## EXERCISE DIRECTIONS
Copy the data that follows exactly, and include none of its images.

## INFORMATION PROVIDED
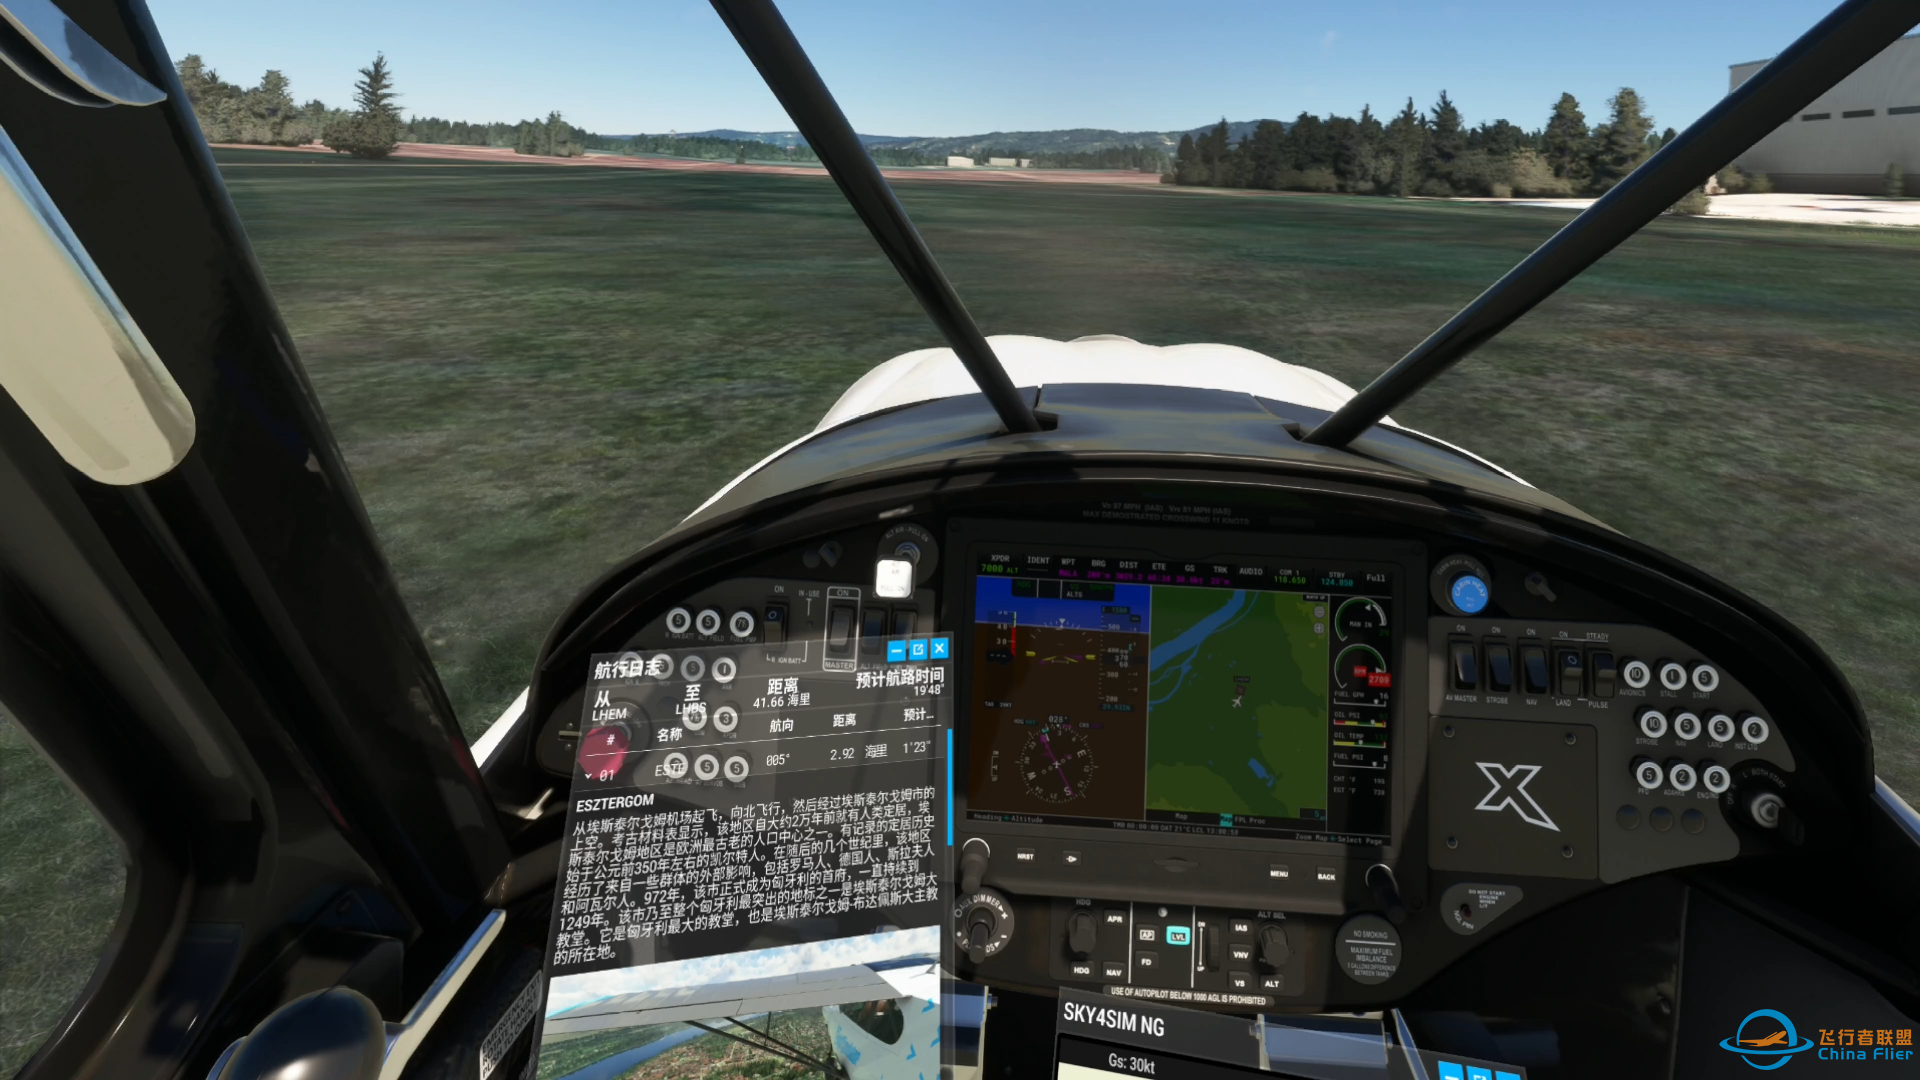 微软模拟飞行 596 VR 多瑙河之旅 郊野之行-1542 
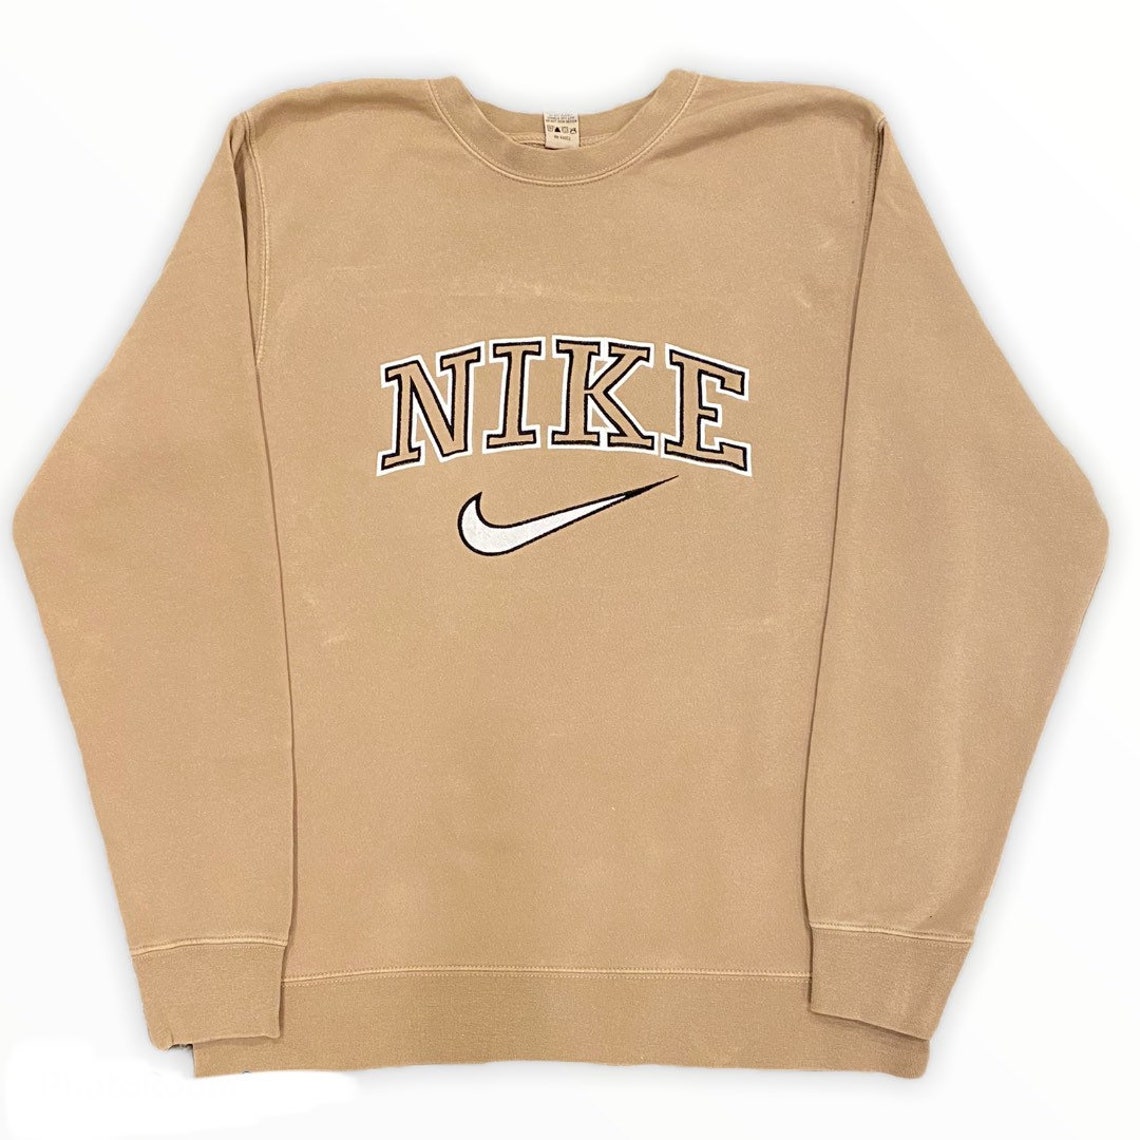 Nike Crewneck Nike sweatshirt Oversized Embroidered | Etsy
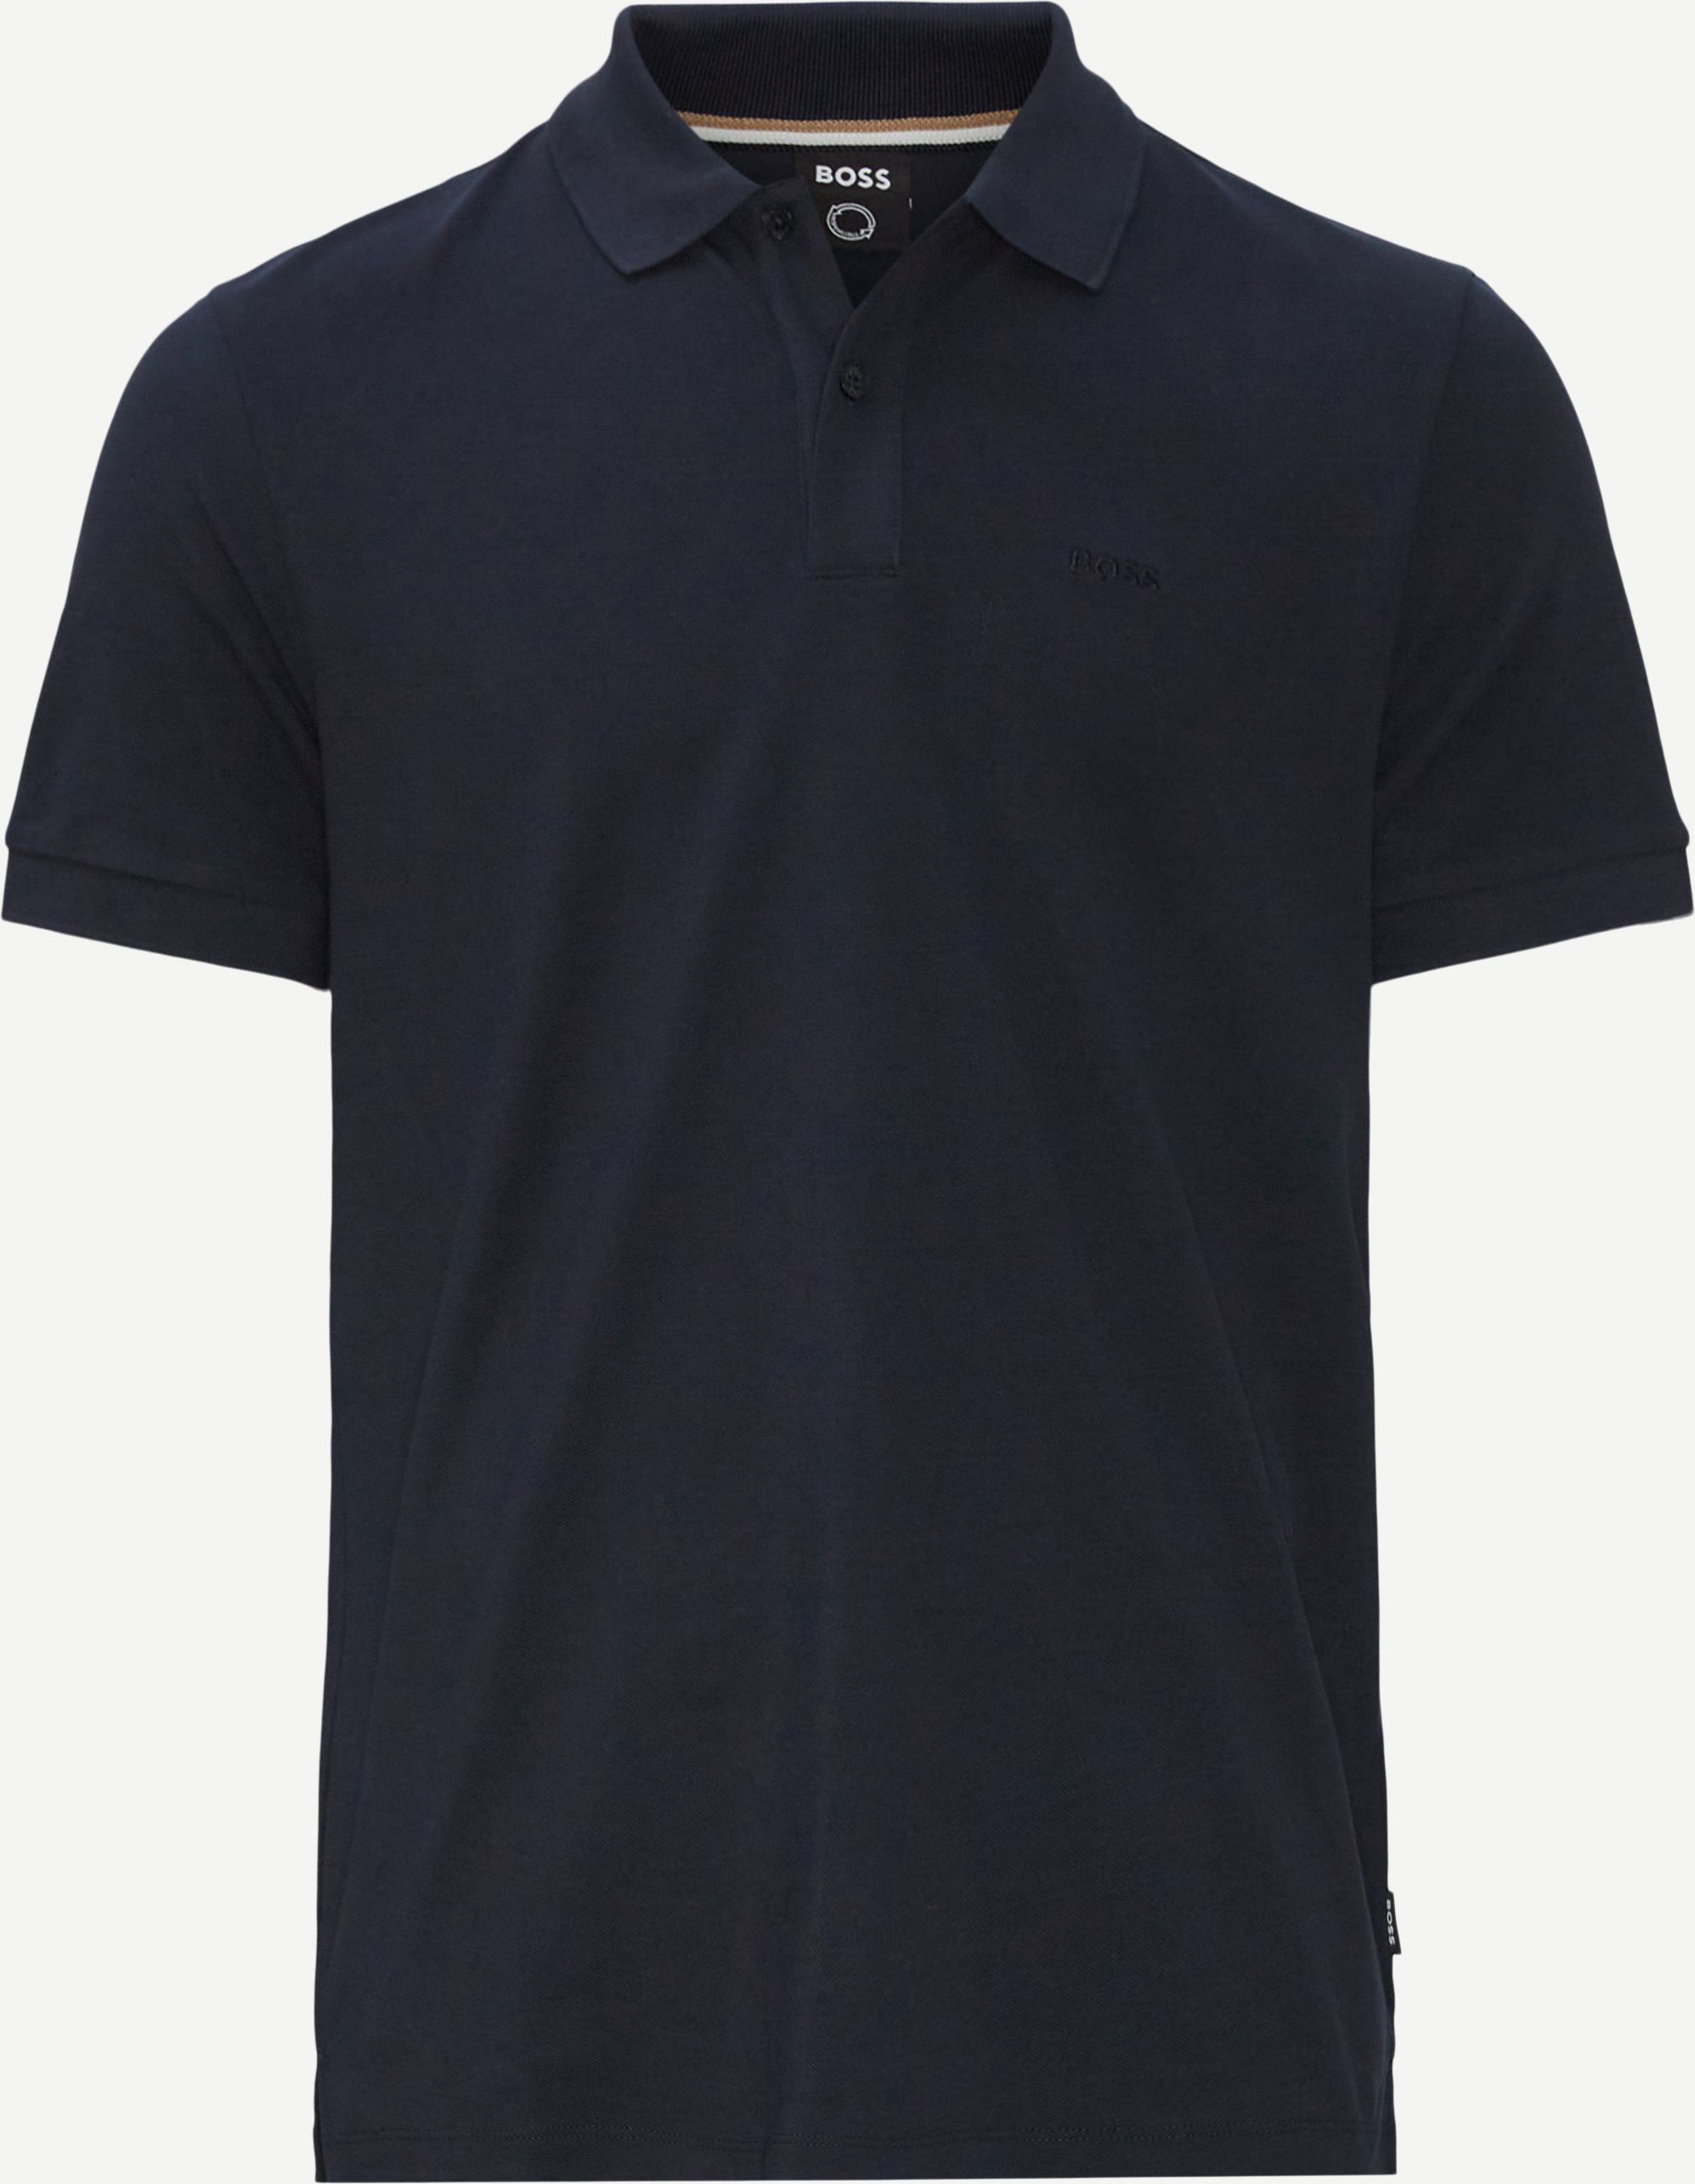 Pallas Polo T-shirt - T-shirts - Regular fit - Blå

## ANSWER TO THIS EXERCISE
 微软模拟飞行 596 VR 多瑙河之旅 郊野之行-1542 
 Nike Crewneck Nike sweatshirt Oversized Embroidered | Etsy
 Pallas Polo T-shirt - T-shirts - Regular fit - Blå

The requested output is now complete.